▸ Problem requirements:
Please restate the listing word for word, omitting the images.

▸ Supplied information:
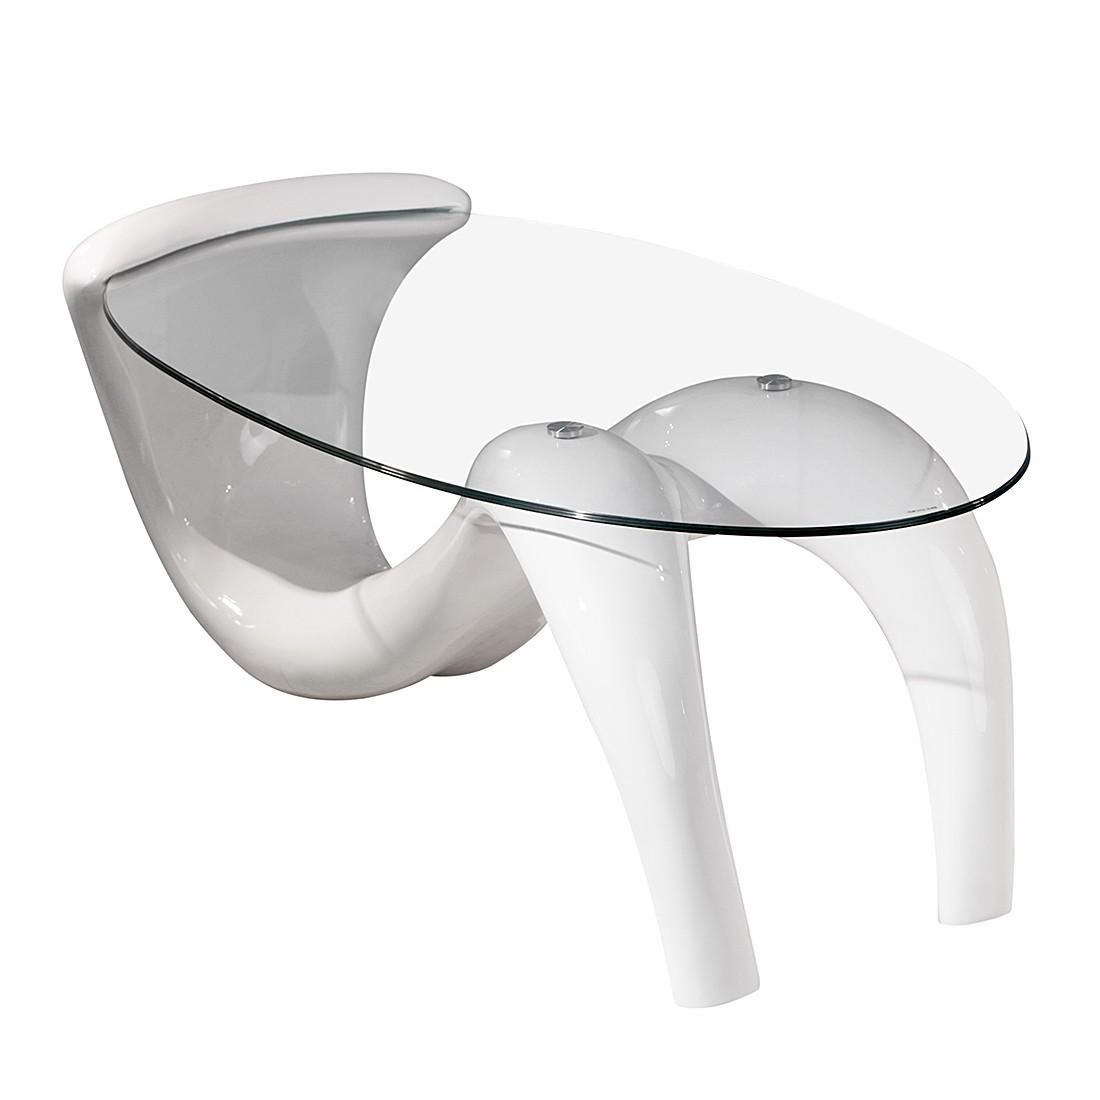 Tavolino da salotto Wave - Bianco lucido, Studio Monroe
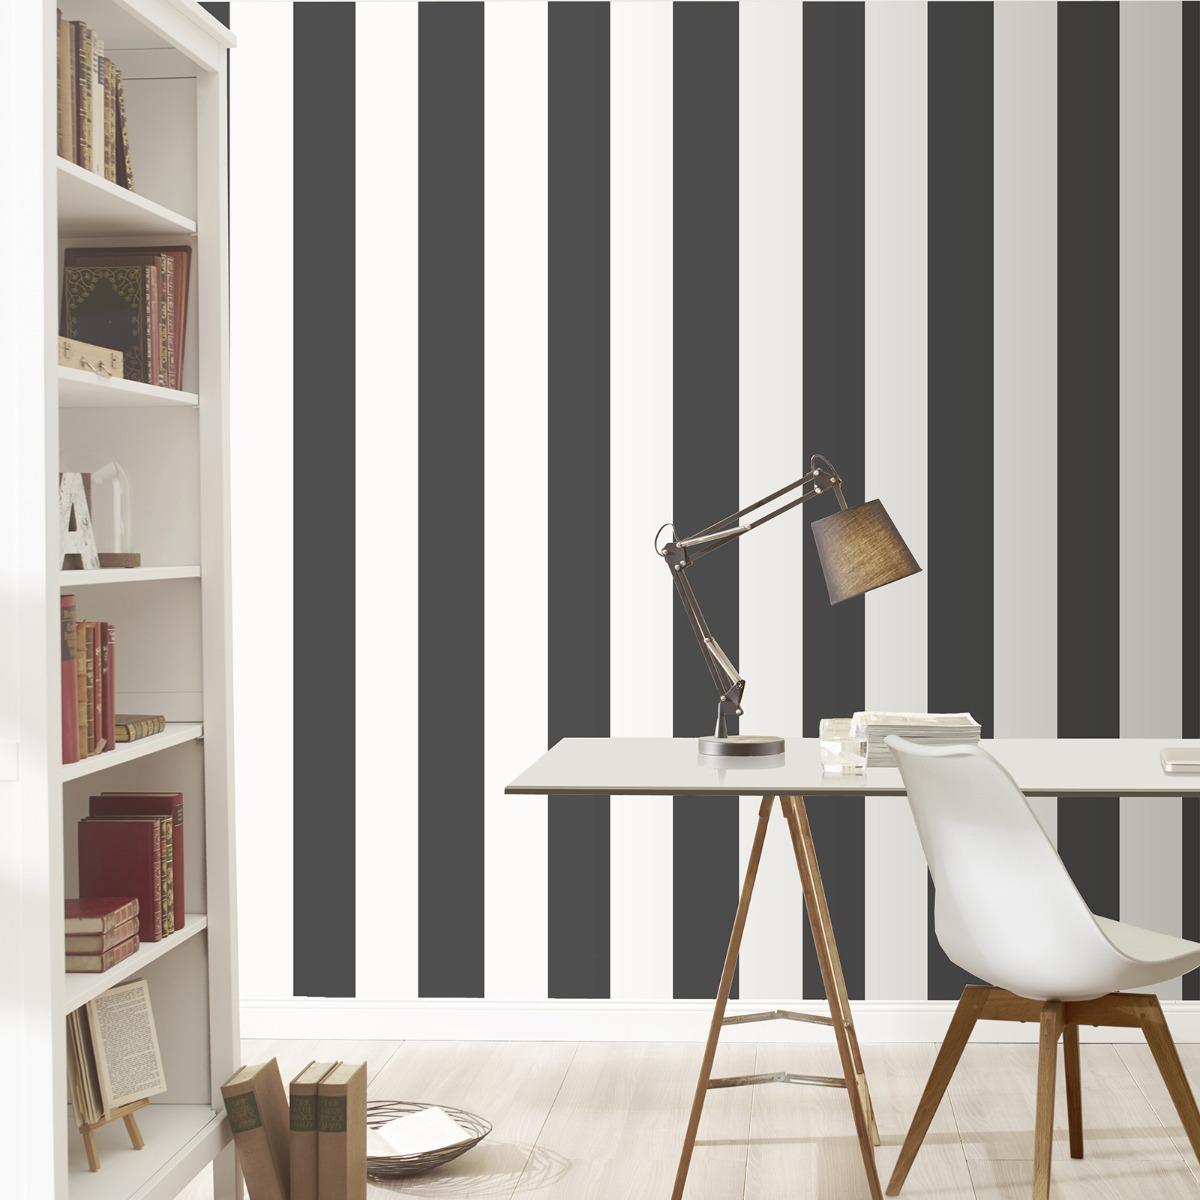 Stripe Wallpaper Black and White Rasch 286694
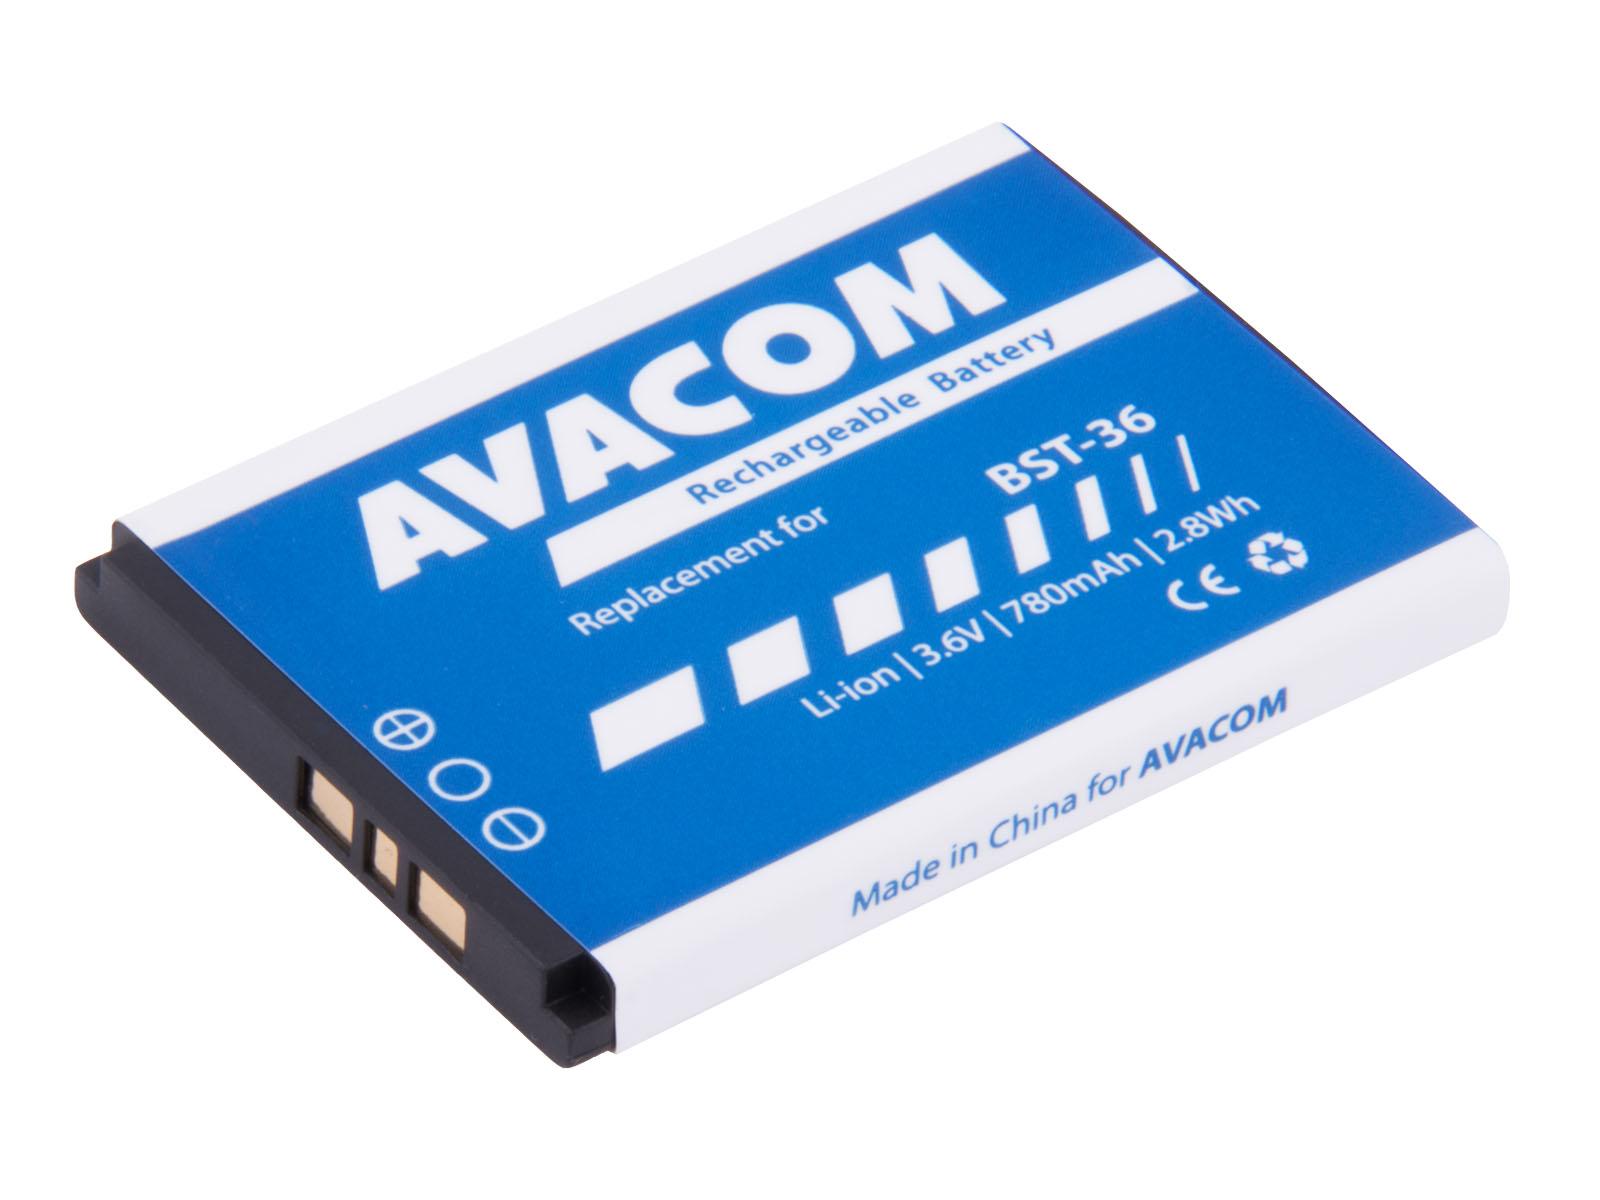 Baterie AVACOM GSSE-J300-S780 do mobilu Sony Ericsson J300, W200 Li-Ion 3,7V 780mAh
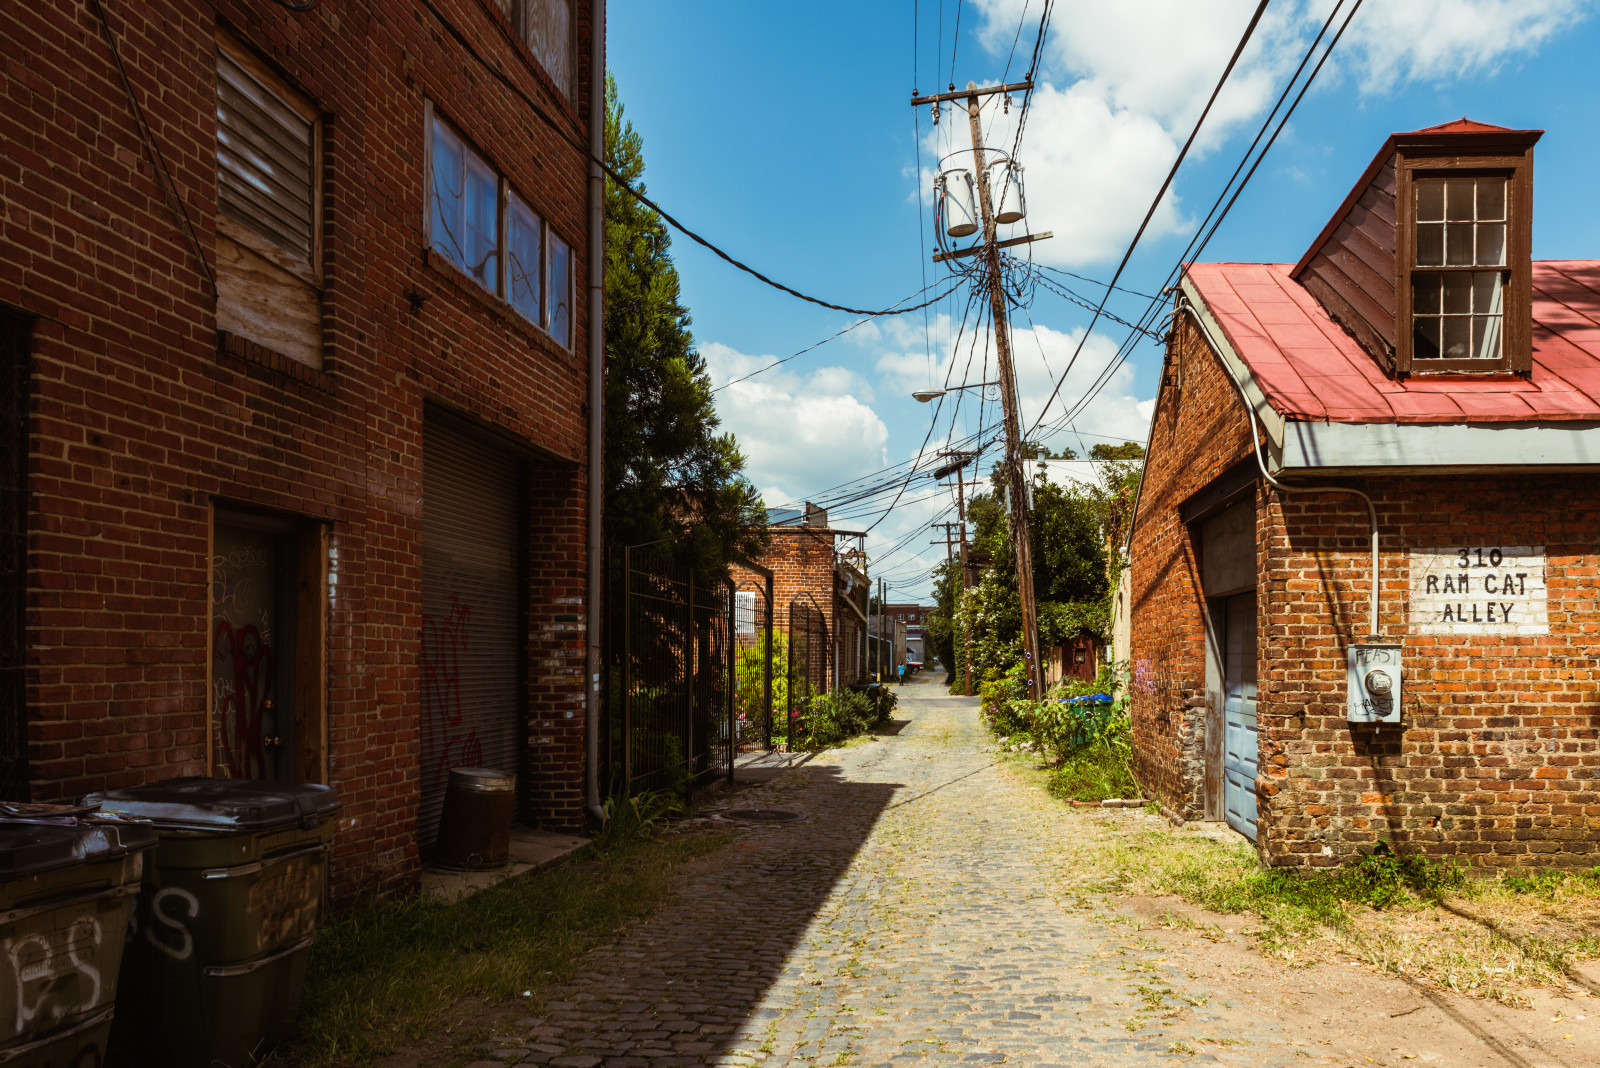 310 Ram Cat Alley

▸ Response to the exercise:
 Tavolino da salotto Wave - Bianco lucido, Studio Monroe
 Stripe Wallpaper Black and White Rasch 286694
 Baterie AVACOM GSSE-J300-S780 do mobilu Sony Ericsson J300, W200 Li-Ion 3,7V 780mAh
 310 Ram Cat Alley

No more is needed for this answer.